● Work item:
Leave out the pictures, and retype the remaining data exactly.

● Data provided:
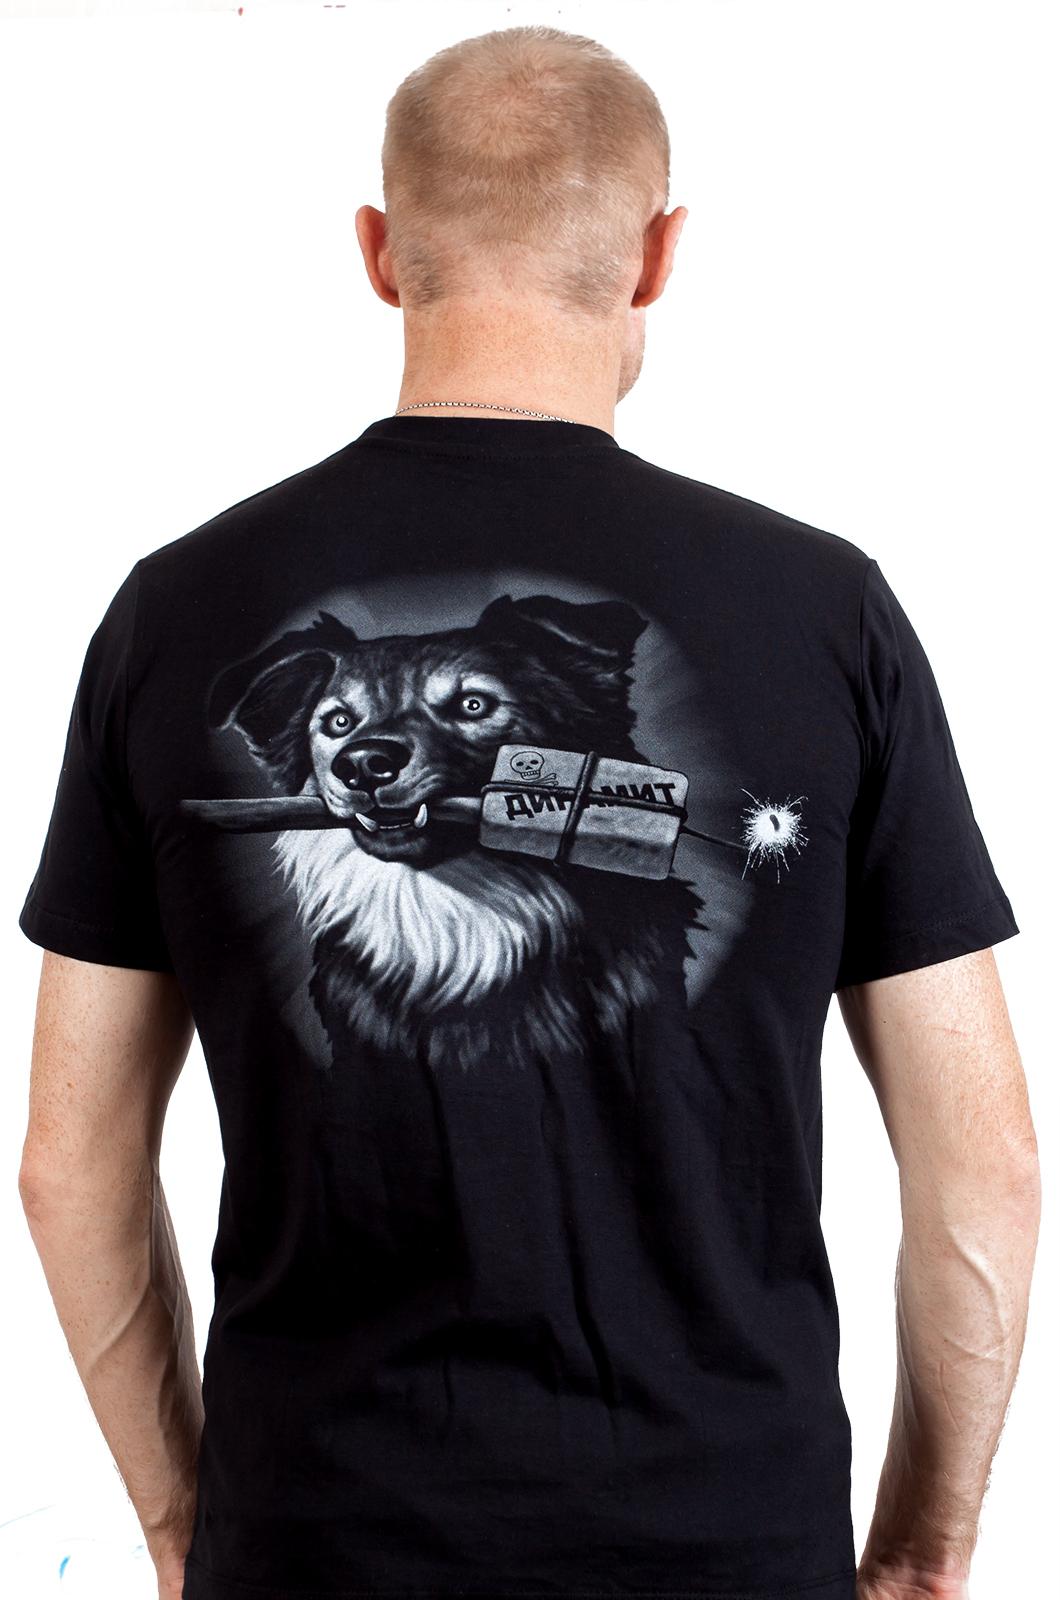 Прикольная футболка рыбаку
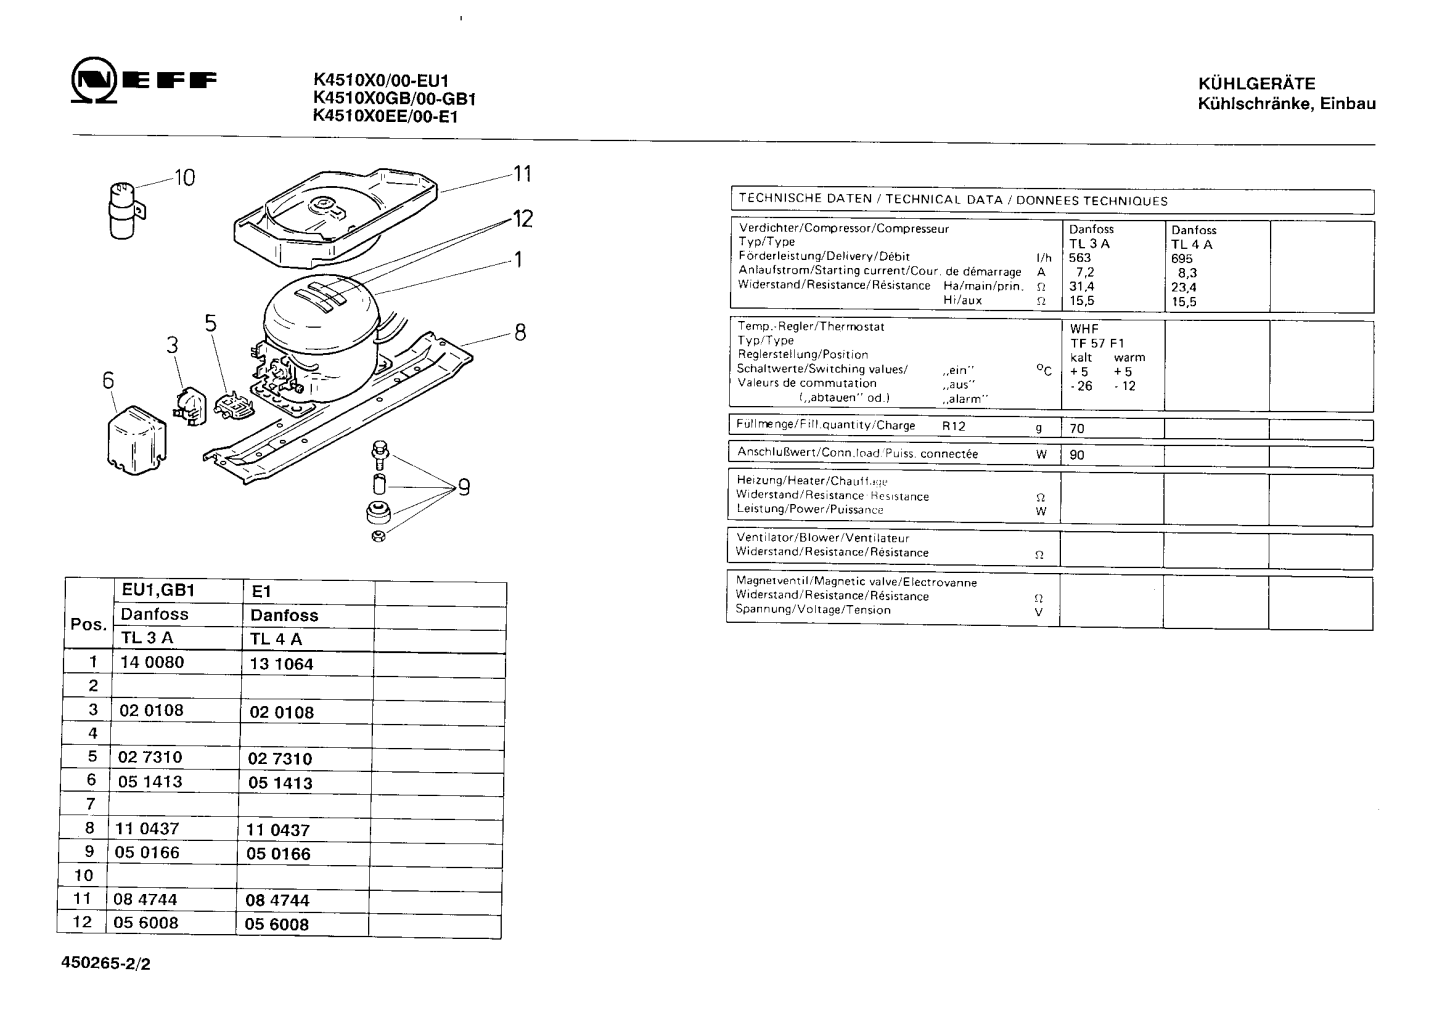 danfoss compressor wiring danfoss image wiring diagram personal website of kieran o shea danfoss compressor starting on danfoss compressor wiring
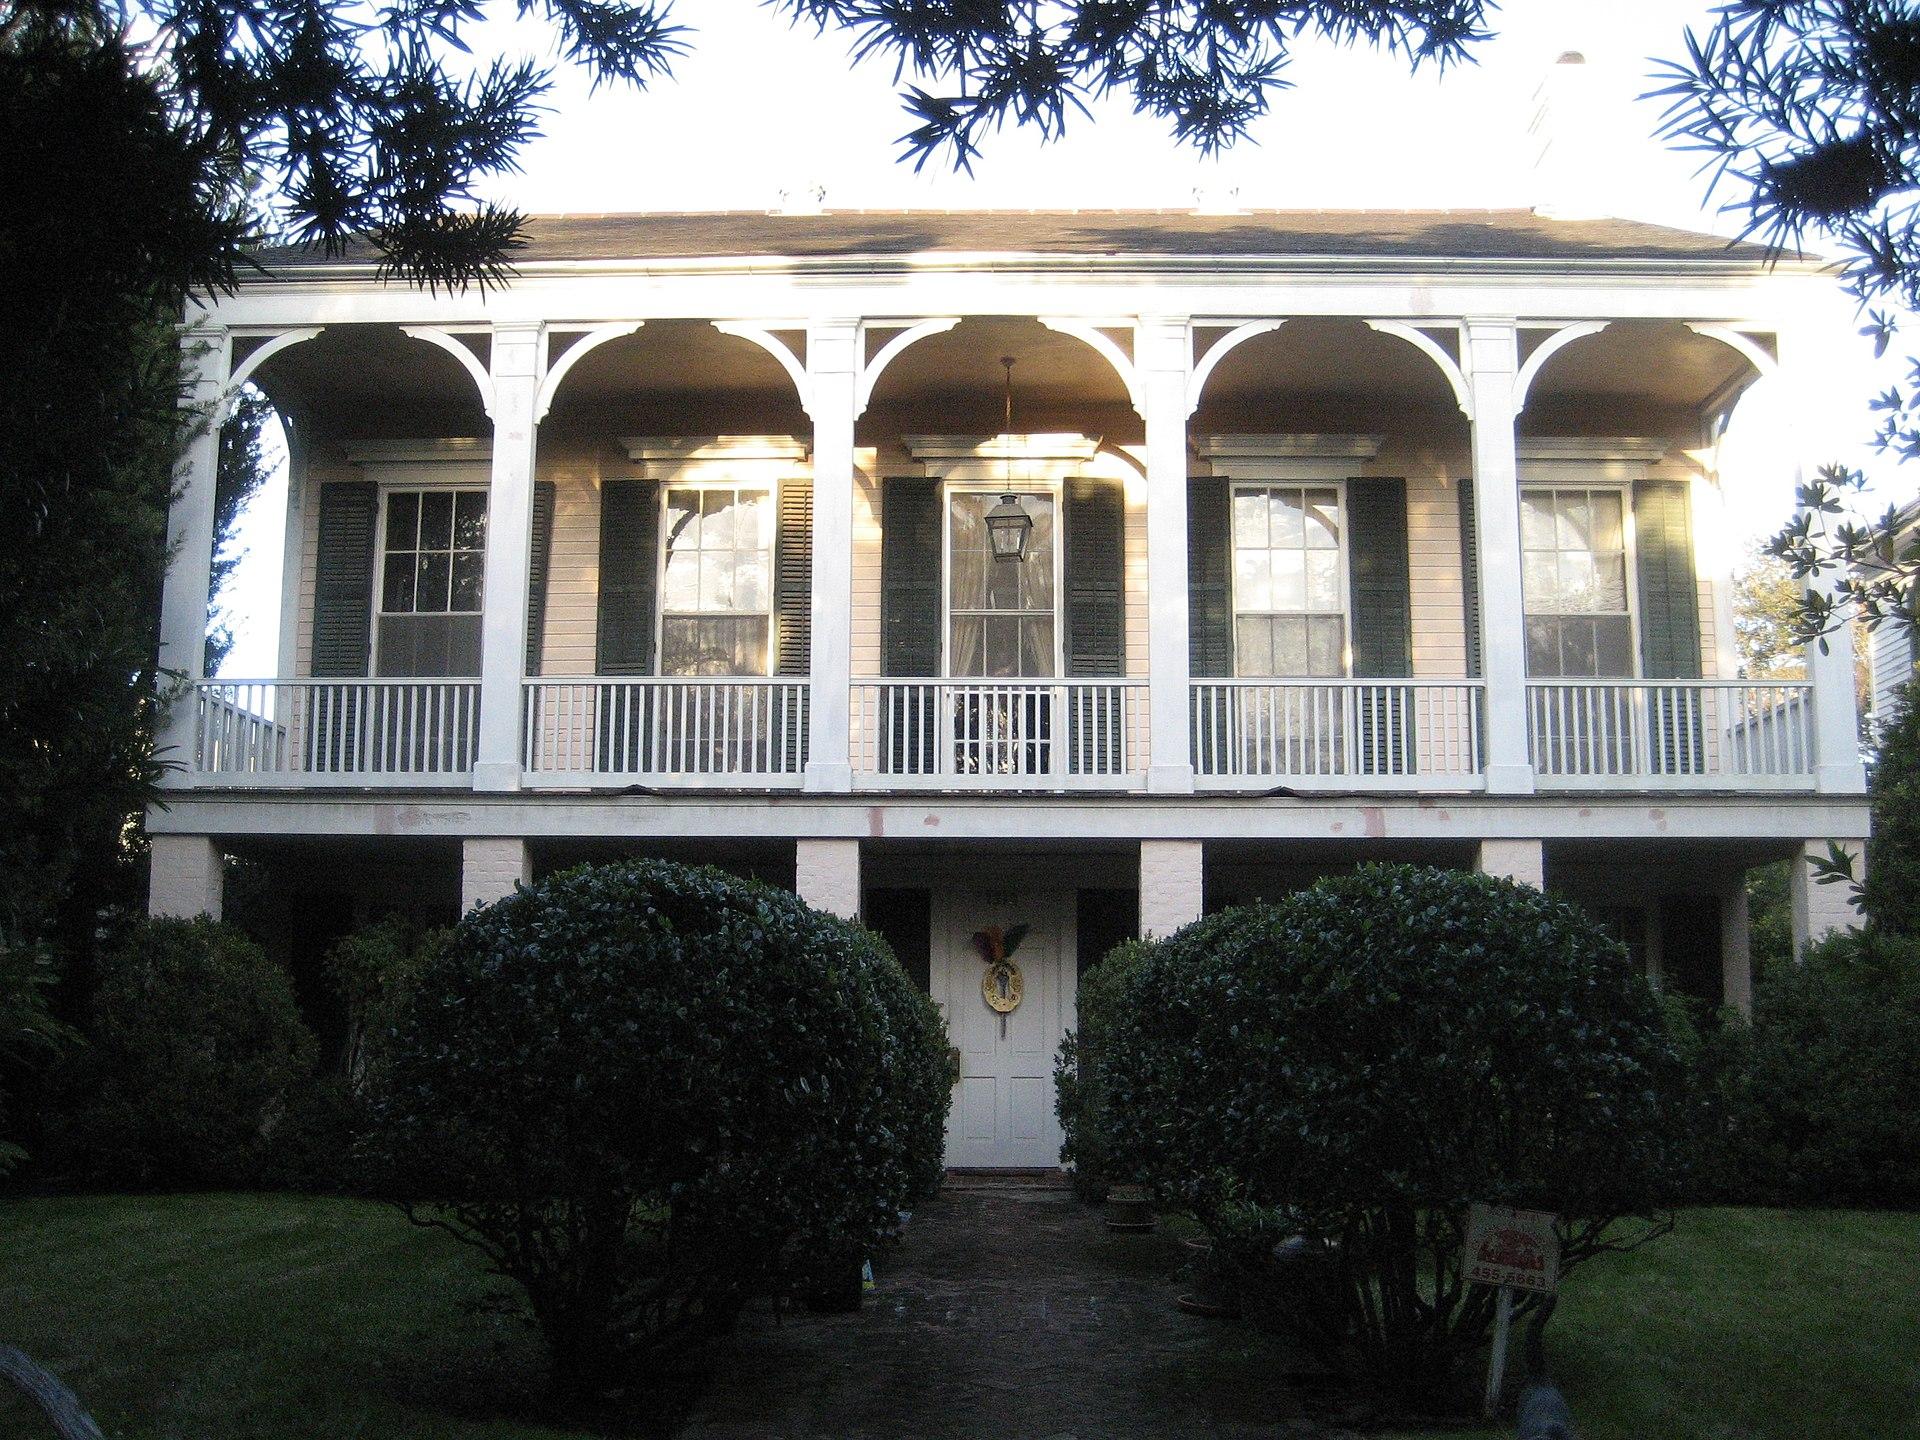 George washington cable house simple english wikipedia for Minimalist house wiki
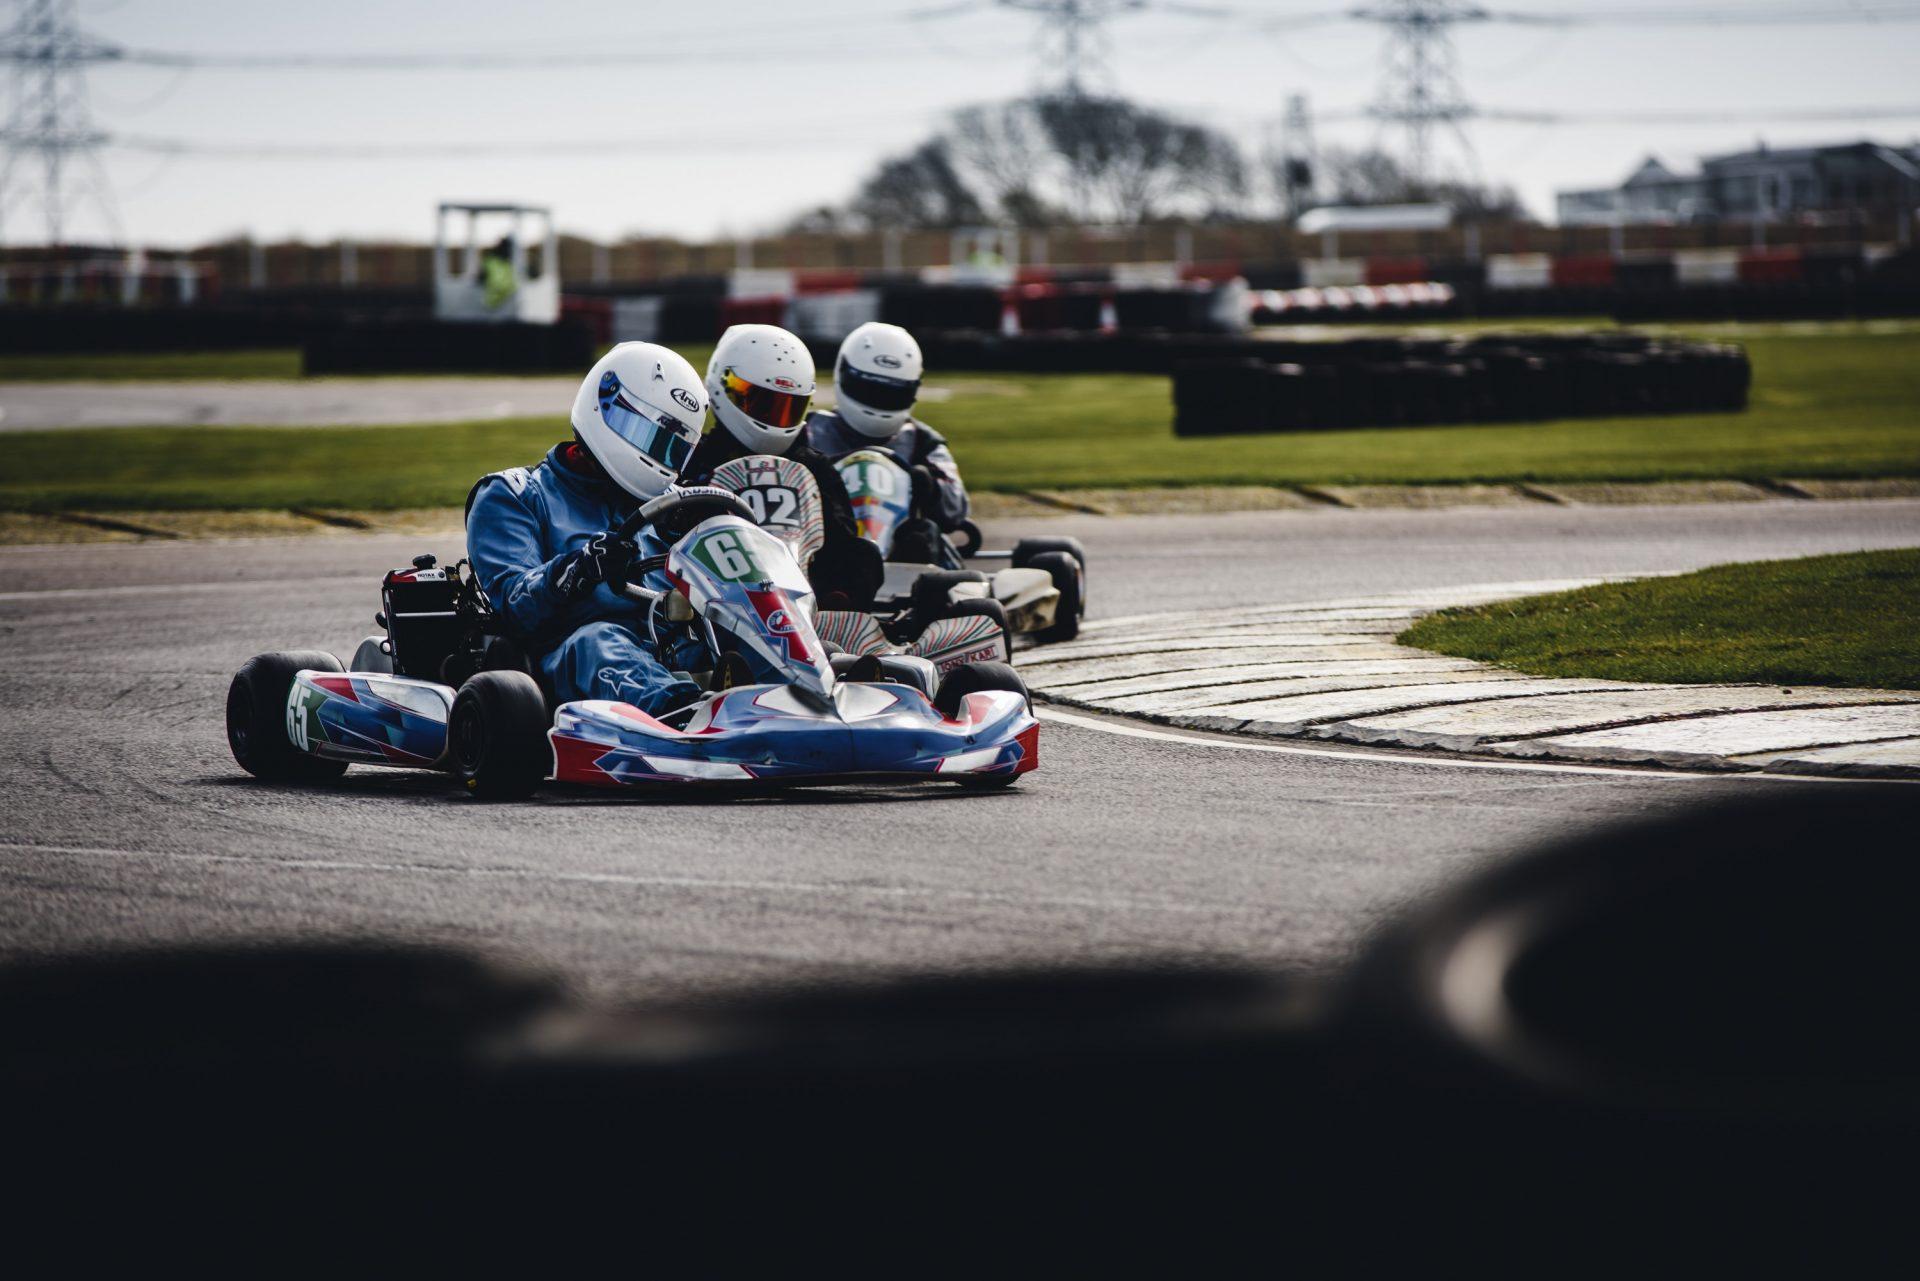 5 Ways to Get Into Racing as an Amateur

● Exercise result:
 Прикольная футболка рыбаку
 danfoss compressor wiring danfoss image wiring diagram personal website of kieran o shea danfoss compressor starting on danfoss compressor wiring
 George washington cable house simple english wikipedia for Minimalist house wiki
 5 Ways to Get Into Racing as an Amateur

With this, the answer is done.